As before, the bars represent the number of wildfire incidents in each year.

In [46]:
t(df_wf_yr[,c(1,6:11)])
plot + plot_options
YEAR1997 1998 1999 2000 2001 2002 2003 2004 2005 2006 2007 2008 2009 2010 2011 2012 2013 2014 2015 2016
INCIDENTS 1 1 19 9 20 34 18 9 4 1 15 2 1 1 1 2 2 8 1 2
INCIDENTS_PCT 4.55 2.17 30.16 15.25 22.73 37.78 23.08 10.98 3.92 3.12 19.23 3.23 1.52 4.35 6.67 5.41 6.06 14.55 2.17 7.69
DEATHS_PCT 0.00 0.00 7.14 8.33 0.00 0.00 76.19 NA 0.00 0.00 76.92 NA NA 0.00 NA NA NA 0.00 NA 50.00
INJURIES_PCT 0.00 0.00 27.27 43.28 7.59 54.92 59.09 31.03 40.00 21.74 97.16 18.75 0.00NA 94.74100.00100.00100.00NA 0.00
DAMAGE_PROPERTY_PCT100.00 0.00 44.20 0.00 88.75 90.81 99.85 6.89 5.80 0.00 90.25 6.42 0.00 0.00 25.51 92.81 98.55 99.12 0.00 98.28
DAMAGE_CROPS_PCTNA 0.00 NA 0.00 NA 18.96 50.43 NA NA NA 26.53 0.00 NA NA NA NA NA NA NA NA

Insights

These are a few of the insights gathered from the analysis above:

  • Wildfires are the most impactful event both in terms of their social and economic impact.

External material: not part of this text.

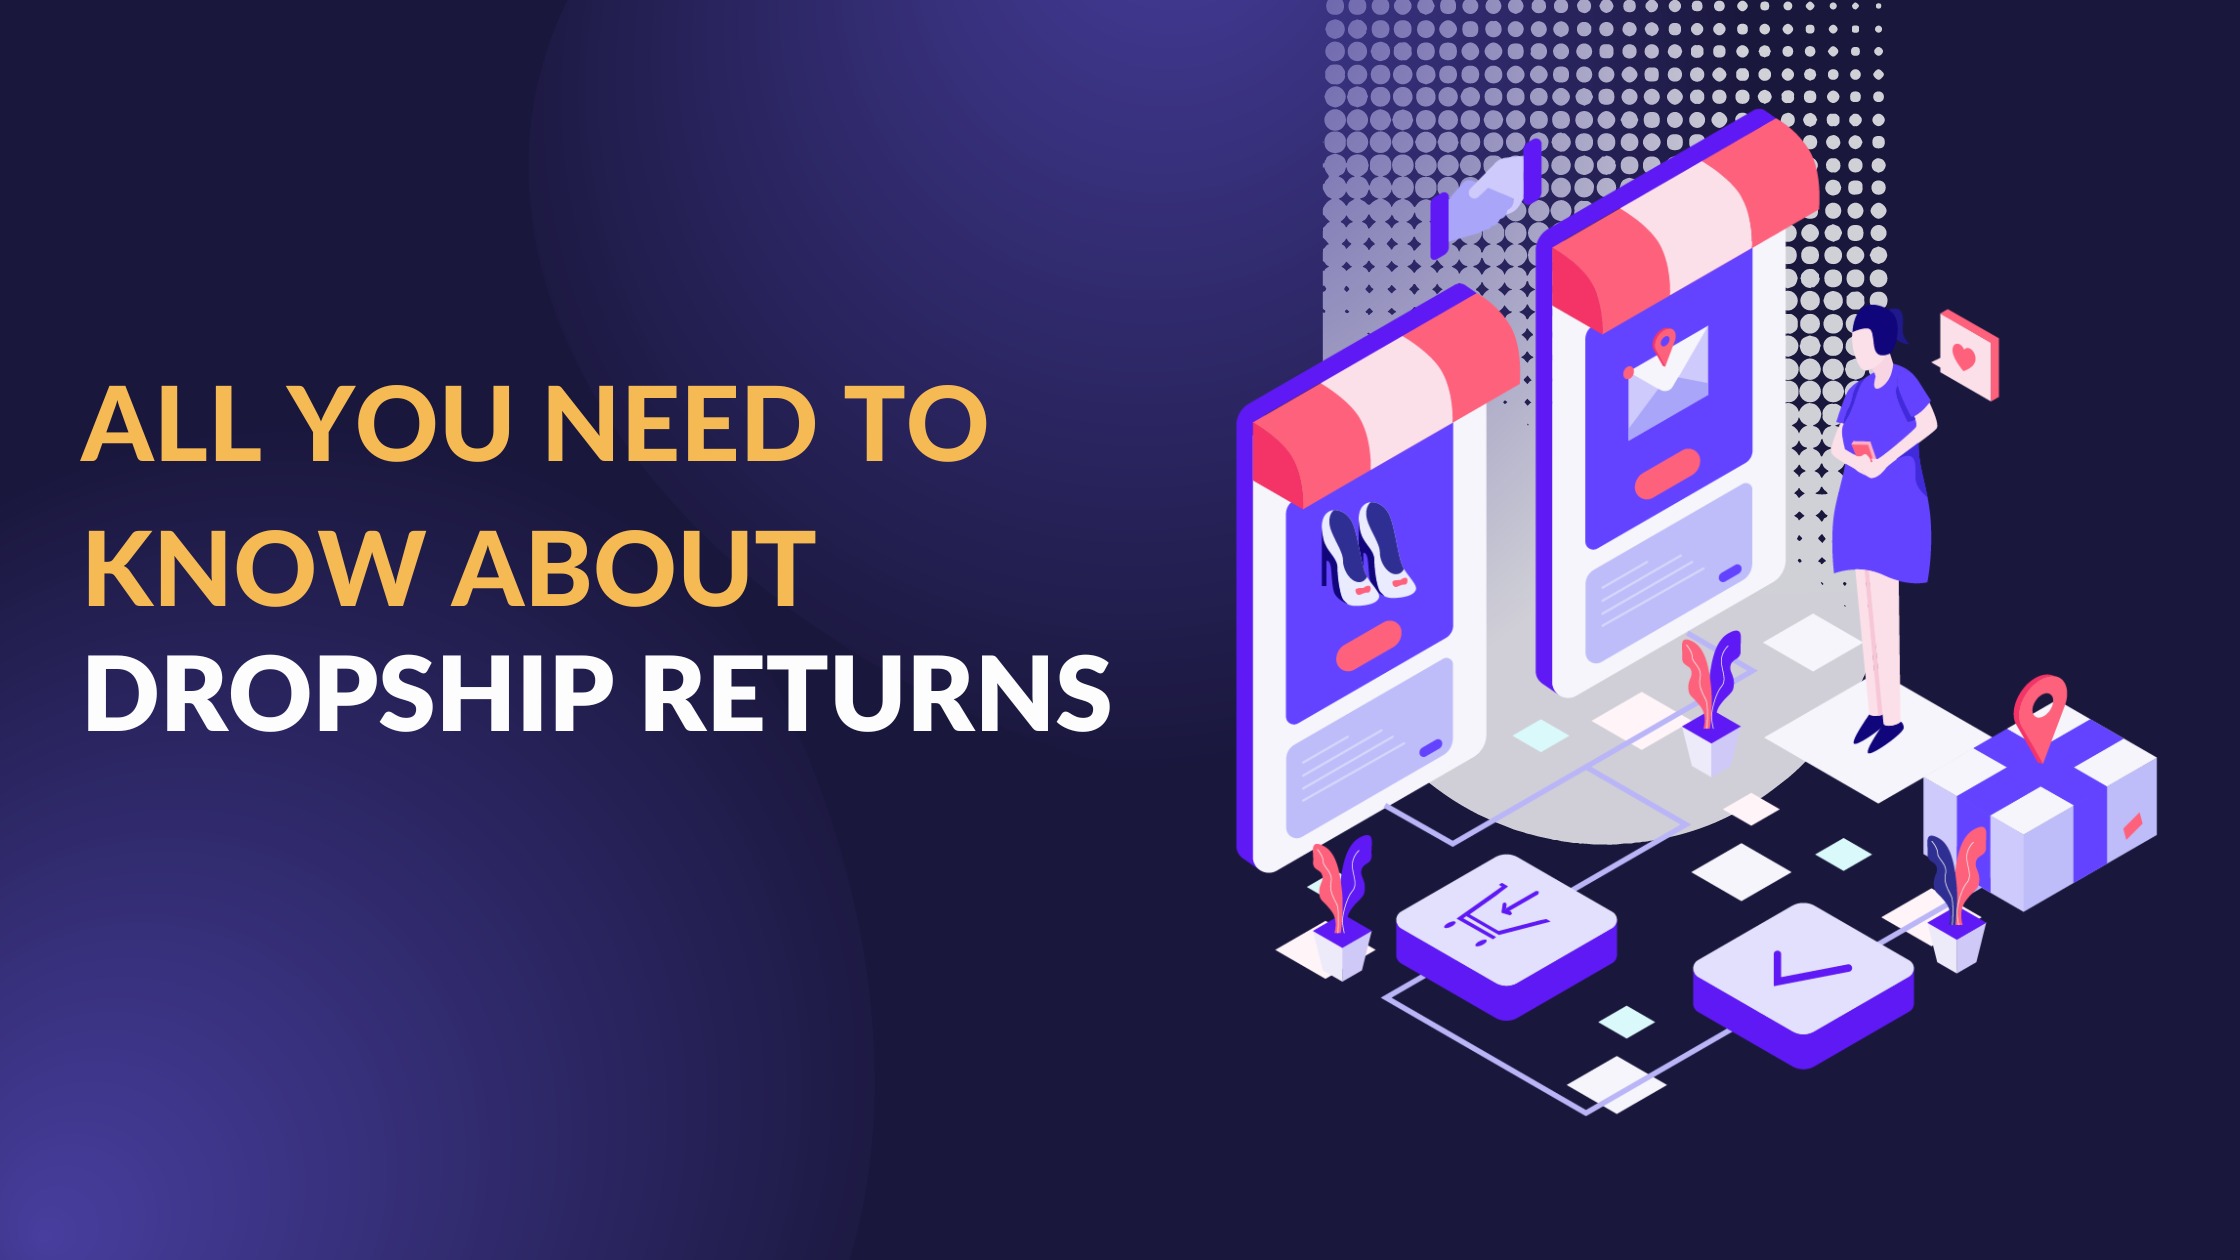 All you Need to Know About Dropship Returns

They are also dis-proportionately higher in impact compared to every other severe weather event experienced by the region accouting for ~90% of all damage to property, ~50% of all injuries, ~30% of all deaths and damage to crops over the last 20 years spanning 1997-2016.
  • Only 5 events (in the last 20 years) accounted for over 70% of all deaths and injuries and over 90% of all damage to property
  • High impact events like the wildfire are capable of causing widespread death and destruction even with a few incidents. Years 2003 and 2007 highlight this quite clearly. In both cases, wildfires accounted for over 70% of all deaths, over 90% of all property damage, between 60-97% of injuries and 25-50% of crop damage even as the they account for less than 25% of all severe weather events experienced by the region.
  • Stated another way, incidents such as the Flash Flood while occuring as frequently as Wildfires inflict anywhere from 1-10% of the death and destruction of the latter.
  • Some events such as floods predominantly result in economic impact while others mostly affect the population (e.g.: Rip Currents)

Outro

This is by no means an exhaustive analysis. Many possibilities yet remain - investigating the cyclicality of event occurences, as well as that of the event impact (e.g.: an event may have a high impact one year followed by several years with low impact), assessing the effect of one event on another (e.g.: high impact wildfires are often followed by landslides, this is especially true in Southern California where the wet season follows right after the Santa Ana Winds, the time when fires are most likey to spread) and so on.